Monday, December 8, 2014

Hadoop & Big Data - Simple Introduction

When and where you can use Hadoop - Map/Reduce?

Relational databases are best suitable for transactional data and also used widely in data-warehousing. Hadoop and map/reduce is useful when you have massive amount of data processing at faster speed and lower costs because it uses open source technologies can run on commodity servers clustered together to perform faster. It comes with concurrent processing out of the box as it sub-divides data into smaller chunks which can be processed concurrently. Performing analytics for a large dataset is very good example of using hadoop - map/reduce.


How do you design your system to use hadoop - map/reduce?

Often map-reduce program has tutorial to count words in a large text file or a extremely large input. The framework splits the data input and sorts the input for you. The map program takes this input to combine the data, in case of word count it outputs word1 freq1; word2 freq2;etc. Reducer runs in multiple cycle by combining output from mapper and eventually coming up with final output.

Two main approaches - easy way to think of Map and reduce is - Map is nothing but data combiner, it combines data you want to process by similarities. Reducer processes already combined data.
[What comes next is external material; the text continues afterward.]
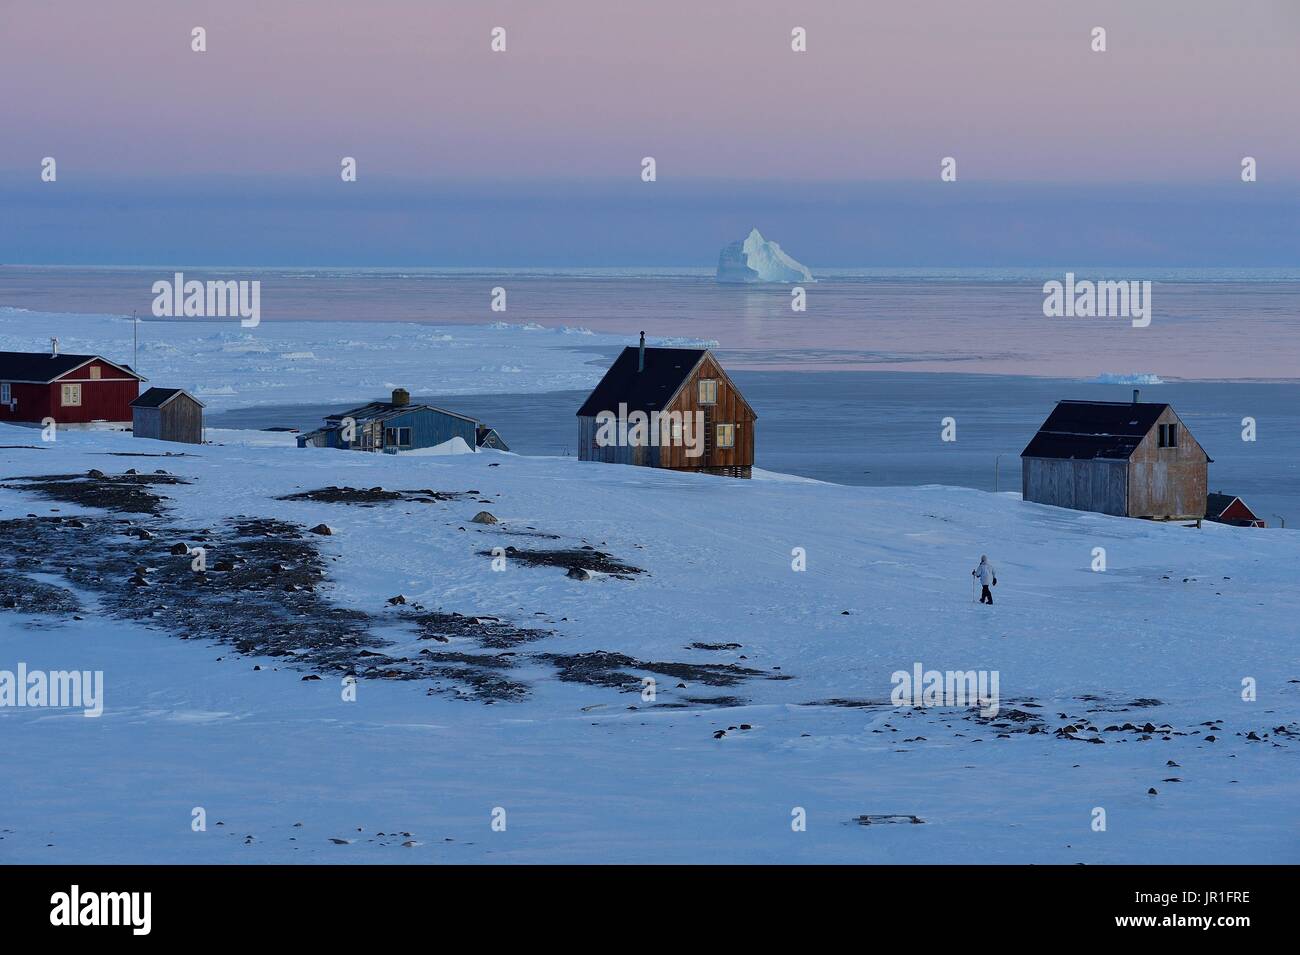 Kap Hope village (Igterajivit), February 2016, the Scoresbysund in the  background, Greenland Stock Photo - Alamy

Assume, we have very large input for e.g entire years' lego store sells, trying to find out which one is best selling product by finding max money making product.

For e.g, top selling product by location.
AB, EDM1, Lego Friends, 100, 50
AB, EDM2, Lego Creator, 70, 100
ON, GTA1, Duplo, 100, 45
ON, GTA2, bricks, 1000, 20
BC, VAN1, Lego Farm, 150, 35
BC, VAN2, bricks, 750, 10
ON, GTA3, Lego Friends, 400, 40
BC, VAN3, Lego Creator, 200, 110
..

map will combine the input by state and pass it on to reducer. Reducer will find the top selling product in each state and output the result:

AB, EDM2, Lego Creator, 7000
ON, GTA2, bricks, 20000
BC, Lego Creator, 22000


What is solution when reducer runs out of memory? For e.g in word count problem if the file is very large and contains one word very frequently like 'the', the reducer can run out of memory.
Possible solutions:
Increase number or reducers
Increase memory per reducer
Implement a combiner.

PySpark code for above example (WIP):
store = sqlContext.read.parquet("...")
store = store.assign(col6 = lambda x: col4 * x.col5)
store.groupBy(store.col1,store.col2,store.col3).agg({store.col6, max}).show()